DIRECTIONS: A faithful copy of the data is what is wanted, minus any pictures.

DATA START

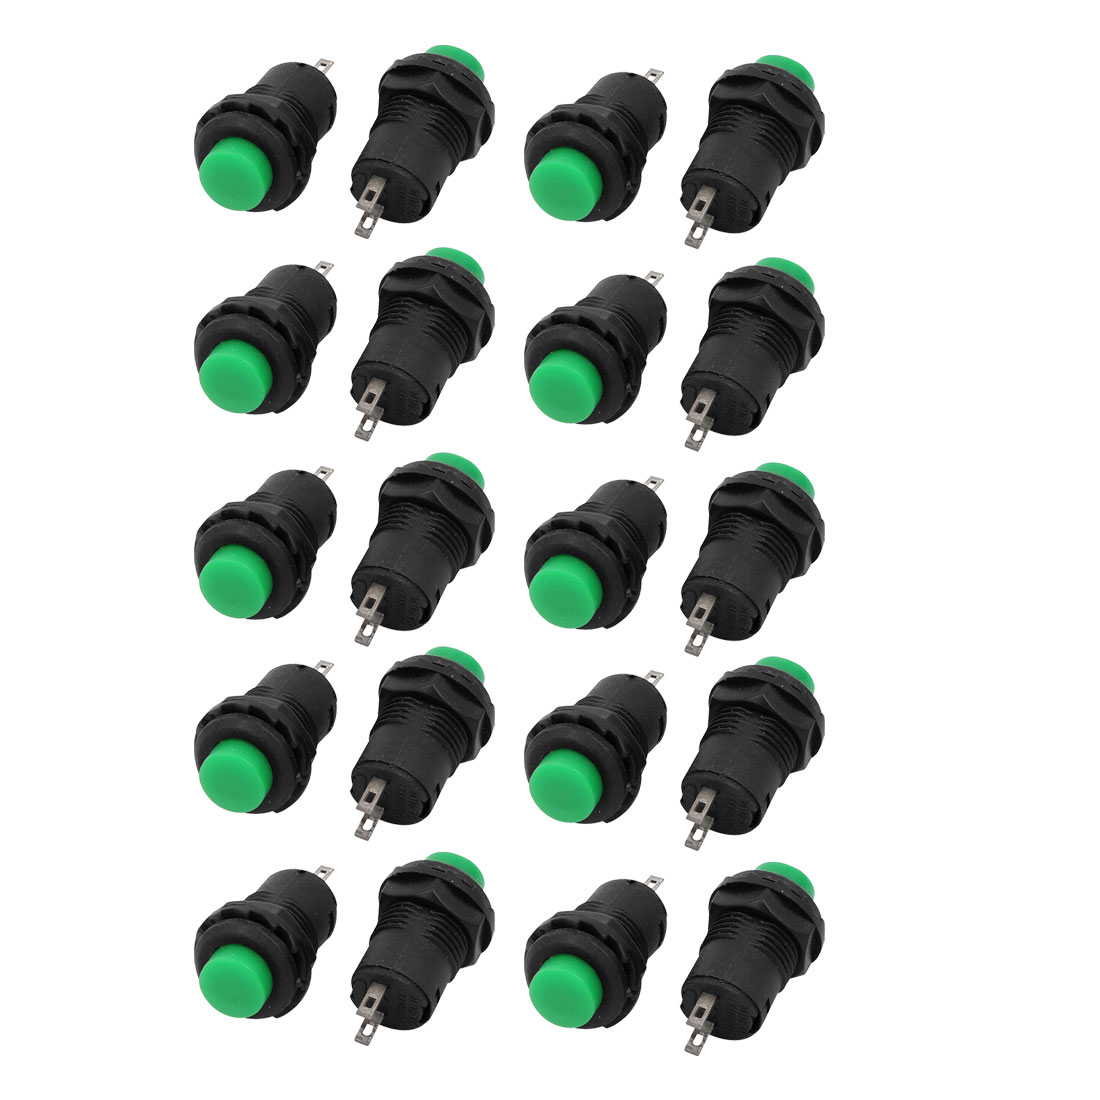 20Pcs Green Round Cap AC 3A/125V 1.5A/250V NO SPST Momentary Push Button Switch
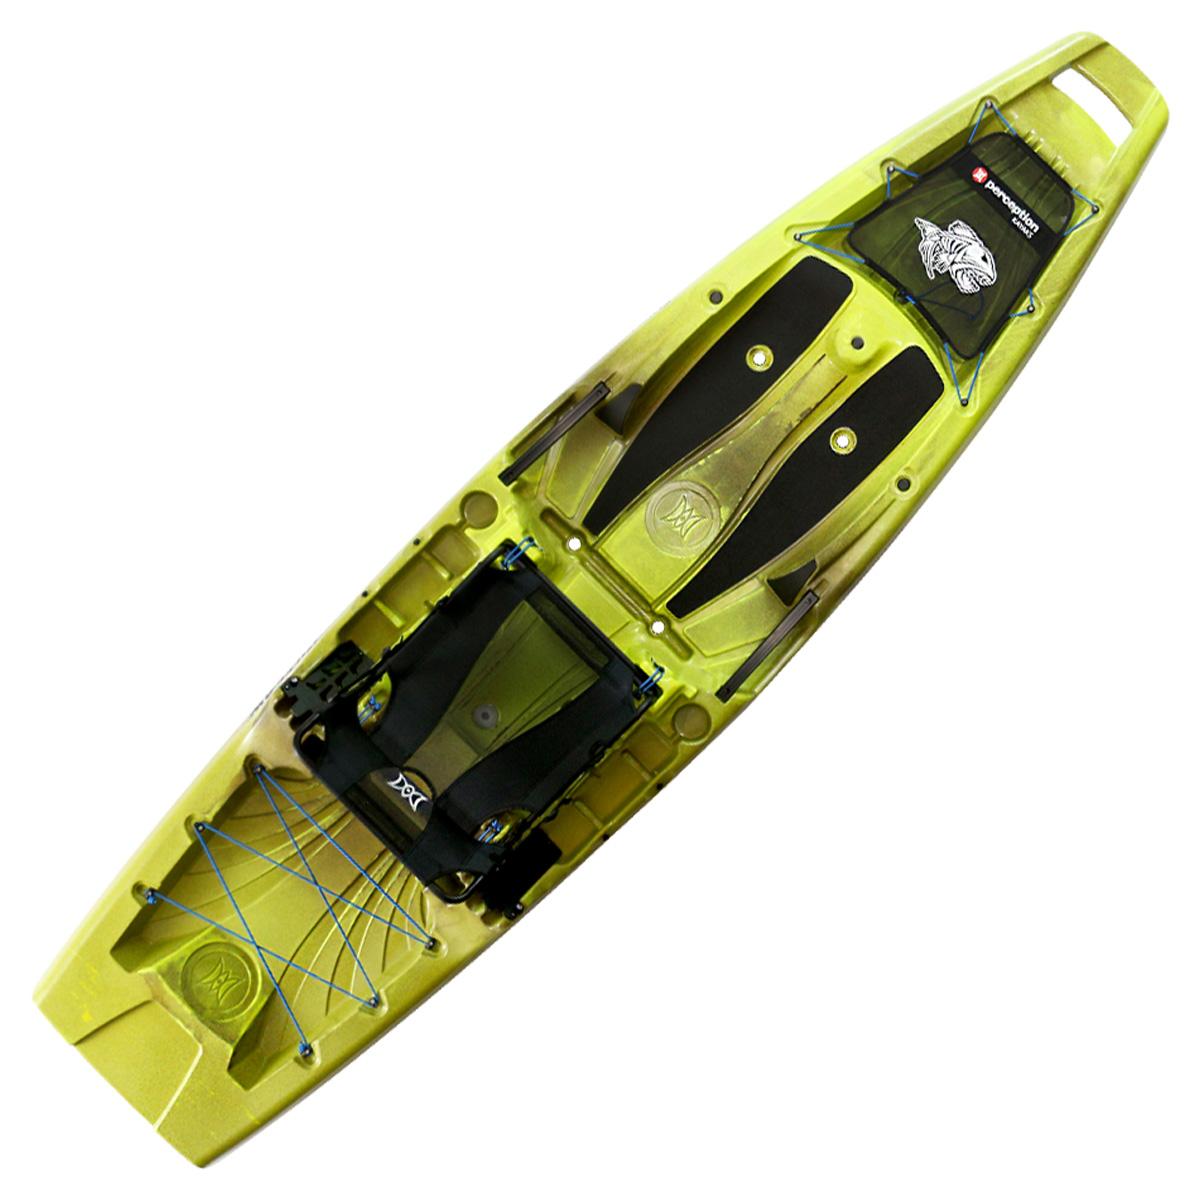 Perception Outlaw 11.5 Fishing Kayak Grasshopper
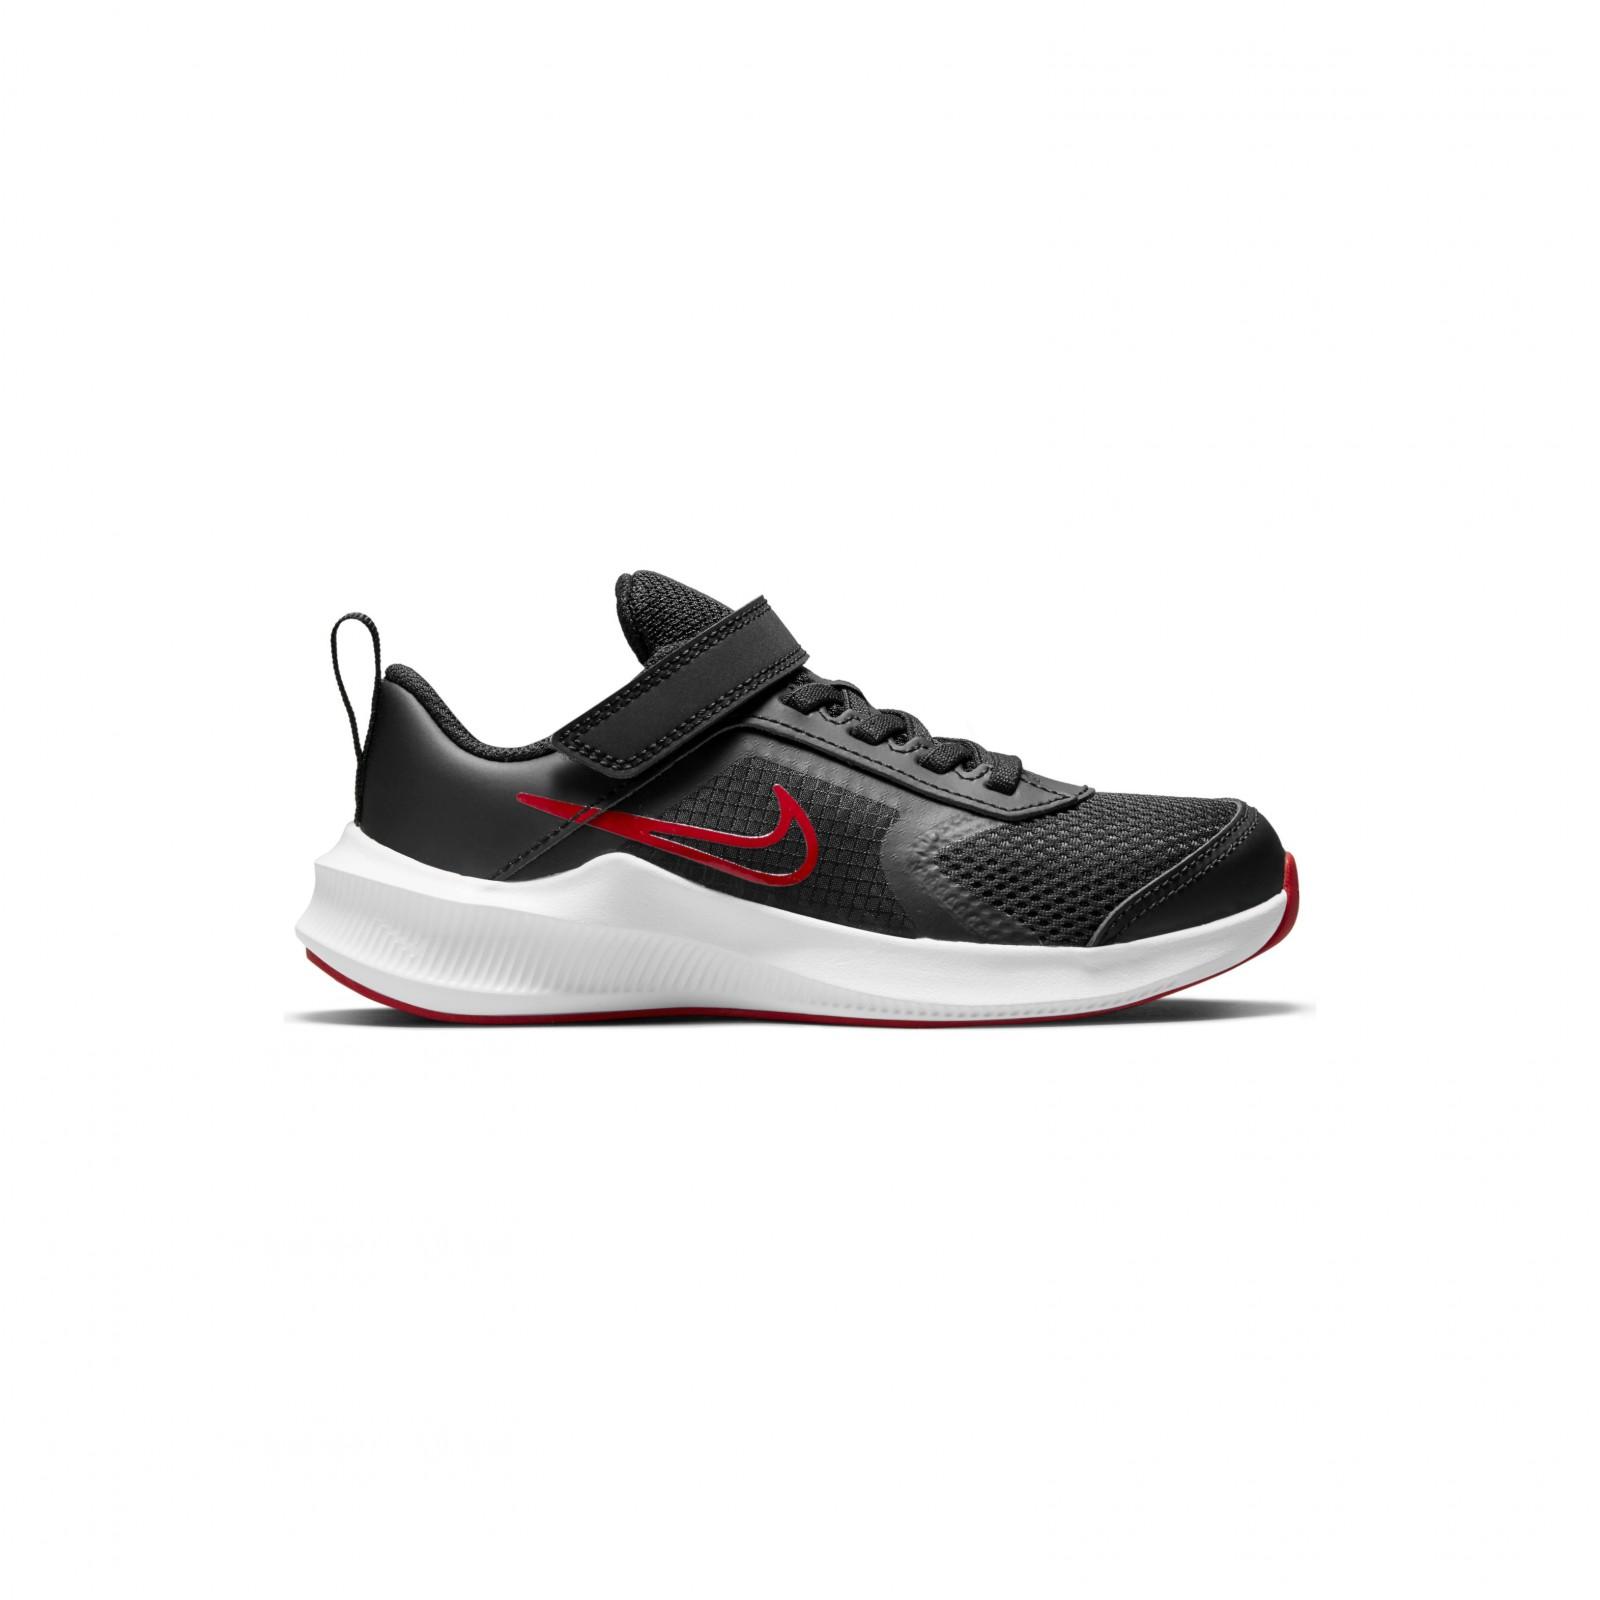 Nike Downshifter 11 BLACK/UNIVERSITY RED-DK SMOKE GREY-WHITE

DATA END

RESULT FOR THIS EXERCISE:
 20Pcs Green Round Cap AC 3A/125V 1.5A/250V NO SPST Momentary Push Button Switch
 Perception Outlaw 11.5 Fishing Kayak Grasshopper
 Nike Downshifter 11 BLACK/UNIVERSITY RED-DK SMOKE GREY-WHITE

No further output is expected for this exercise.